General Information for Congo

Country: Congo
Location: Central Africa
Independence: August 15, 1960
Nationality: Congolese
Capital City: Brazzaville
Population: 2,504,996
Important Cities: Poite Noire, Madingou, Owando
Head of State: Pascal Lissouba
Area: 349,650
Type of Government: Republic
Currency: 500 FCFA=1 USD
Major peoples: Kongo,Sanga,M'bochi,Teke
Religion: Christian 50%, African religion 48%, Muslim 2%
Climate: Equatorial
Literacy: 57%
Official Language: French
Principal Languages: Lingala, Kikongo, Teke
Major Exports: Wood, Petroleum, Natural gas
Pre-Colonial History The early history of the Congo was focused on three ancient kingdoms-the Kongo, the Loango, and the Teke. The Kongo Kingdom was established in the 14th century A.D. and developed a close commercial relationship with the Portuguese, the first Europeans to explore the area. With the development of the slave trade, the Portuguese turned their attention from the Kongo Kingdom to the Loango. When the slave trade was prohibited by European powers in the 1800s, the Loango kingdom was broken up into small regional centers of power. The Teke Kingdom lost its independence in 1883, when the King concluded a treaty with Pierre Savorgnan de Brazza, placing Teke lands and people under French protection. The area occupied by the Teke was known as Middle Congo. In 1910, Middle Congo became part of French Equatorial Africa, which included Gabon, the Central African Republic, and Chad. In 1944 at Brazzaville, Gen. Charles de Gaulle promised reforms , including decentralization of political power in French Africa. Later in the 1950s, Middle Congo, under the name Republic of the Congo, and the three other territories of French Equatorial Africa became fully autonomous members of the French colonial community.

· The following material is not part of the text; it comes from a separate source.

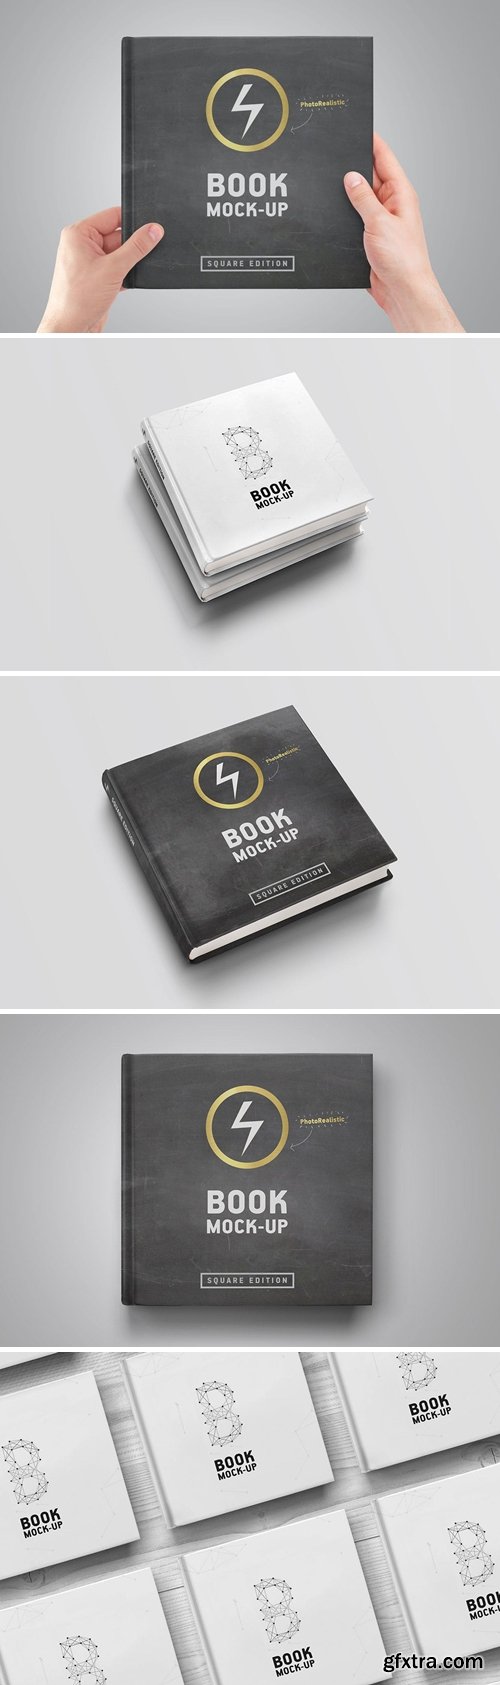 Square Book Mock-Up

Post-Colonial History Congo became independent on April 15, 1960. The postindependence era was dominated by President Fulbert Youlou, but in August 1963, he was deposed from office in an uprising led by labor elements. Under the 1963 constitution, Massamba-Debate was elected president for a five-year term; his term ended abruptly in 1968, when Capt. Marien Ngouabi and other army officers toppled the government in a coup. In 1969, President Ngouabi proclaimed Africa's first "people's republic" and changed the name of the National Revolutionary Party to the Congolese Labor Party (PCT). On March 1977, President Ngouabi was assassinated. The third Congress of PCT held in 1979 elected Sassou-Nguesso President of the Central Committee and President of the Republic of Congo. In 1986, the Congolese Government signed a loan agreement for a structural adjustment program with the International Monetary Fund (IMF).